Enteral immunonutrition during sepsis prevents pulmonary dysfunction in a rat model.

Background: Sepsis often results in severe pulmonary dysfunction. Via the thoracic duct, the lung is the first organ exposed to gut-derived inflammatory mediators released into mesenteric lymph during sepsis.

Aim: To investigate whether an enteral immunonutrition during sepsis improves pulmonary function.

Methods: Mesenteric lymph was obtained from lymph fistula donor rats after intra peritoneal (i.p.) saline (control lymph) or lipopolysaccharide (sepsis lymph) injection. Sepsis lymph was also collected during enteral immunonutrition with omega-3 enriched, long-chain fatty acids (SMOF lipid). Control, sepsis, or sepsis-SMOF lymph was reinfused into the jugular vein of separate recipient rats. The lungs were then harvested, stained with hematoxylin-eosin, and analyzed for: (1) perpendicular parenchyma thickness of the alveolar wall; (2) myeloperoxidase-positive cells; and (3) terminal deoxynucleotidyl transferase Biotin-dUTP nick end labeling (TUNEL)-positive cells.

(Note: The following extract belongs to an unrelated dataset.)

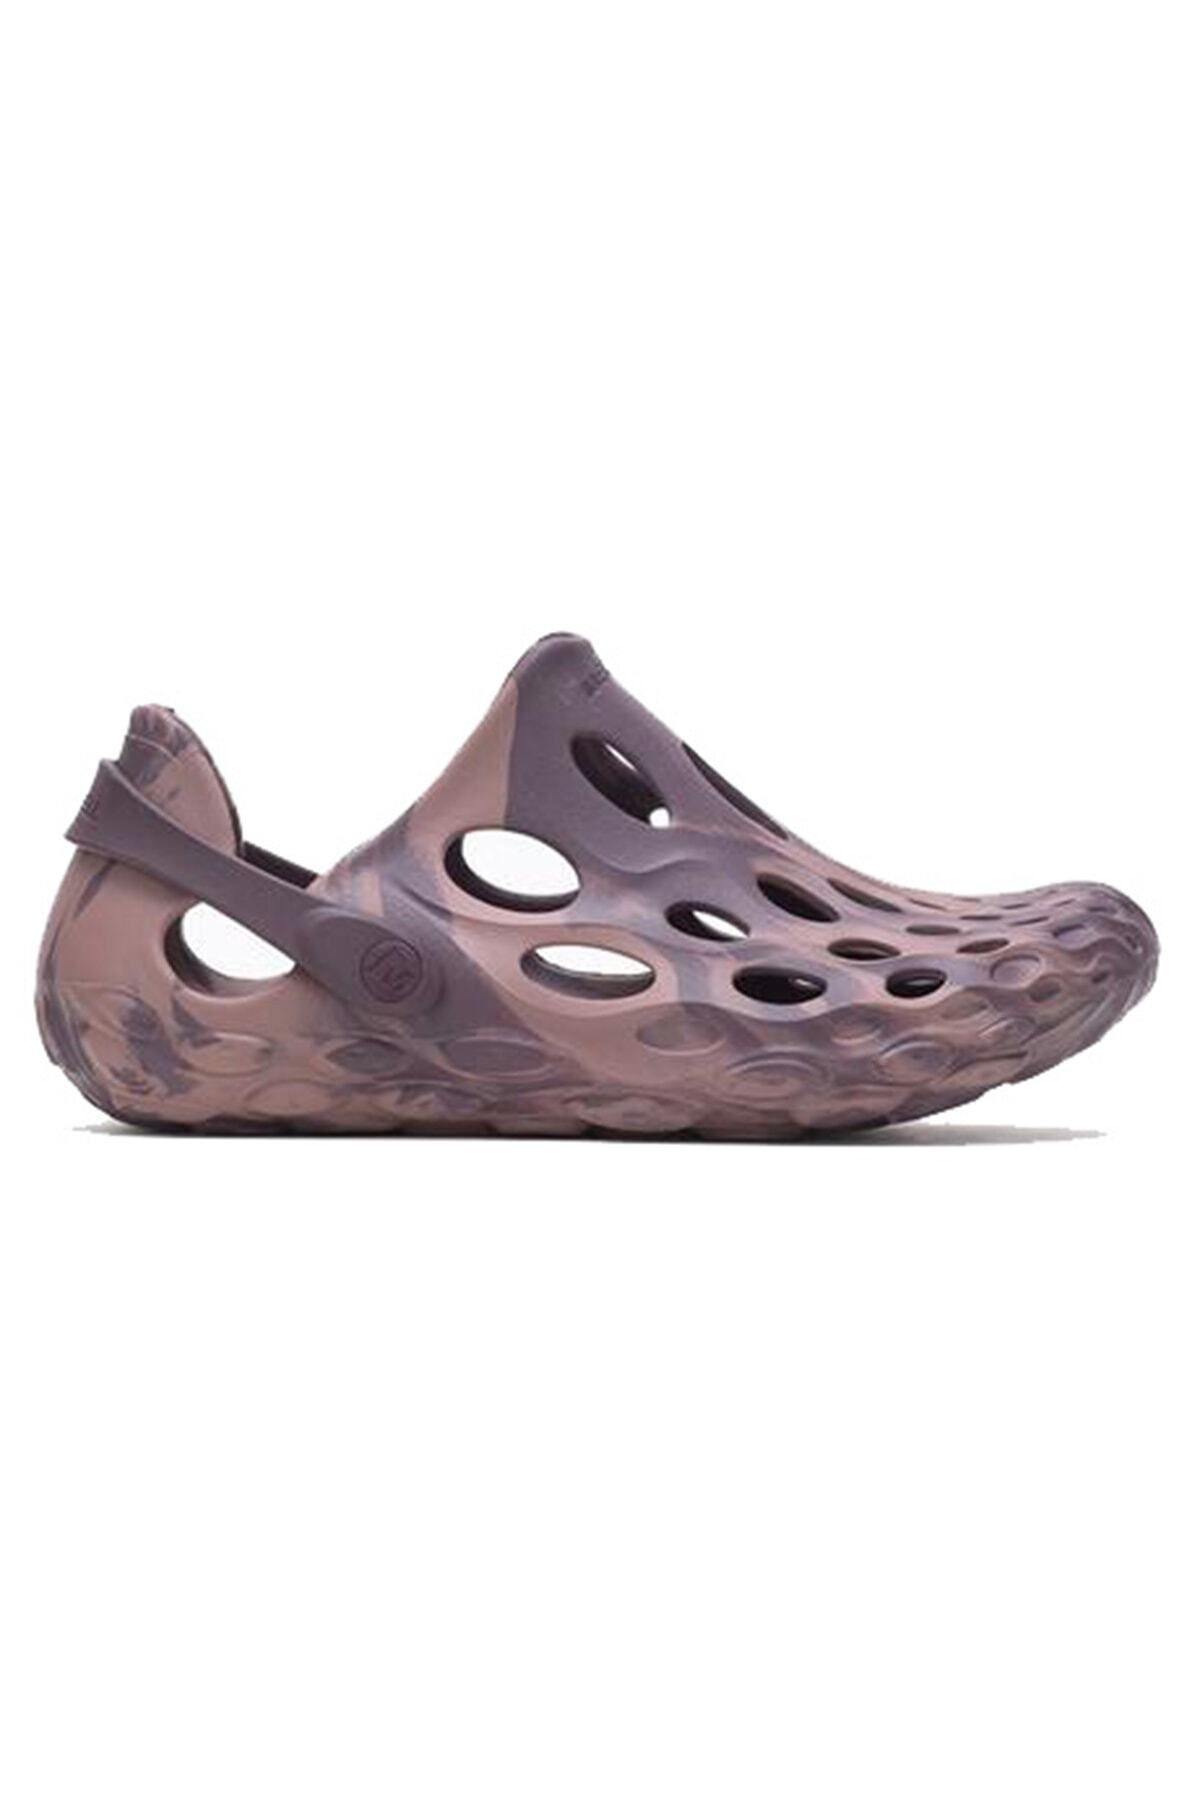 Merrell Hydro Moc Kadın Çok Renkli Günlük Stil Sandalet J004254

Results: Enteral immunonutrition during sepsis reduced the release of TNFalpha into mesenteric lymph by about 4.5-fold within the first 2 h. Infusion of sepsis lymph into recipient rats induced thickening of alveolar walls, inflammatory reaction, and apoptosis. Infusion of sepsis lymph obtained during enteral immunonutrition did not cause anatomical changes, induced only a mild inflammatory reaction, and prevented apoptosis in the lungs of recipient rats.

Conclusions: Mediators in sepsis lymph induce pulmonary dysfunction such as an increased distance for oxygen transport, inflammatory reaction, and apoptosis. The lung may be protected by an enteral immunonutrition containing long-chain fatty acids.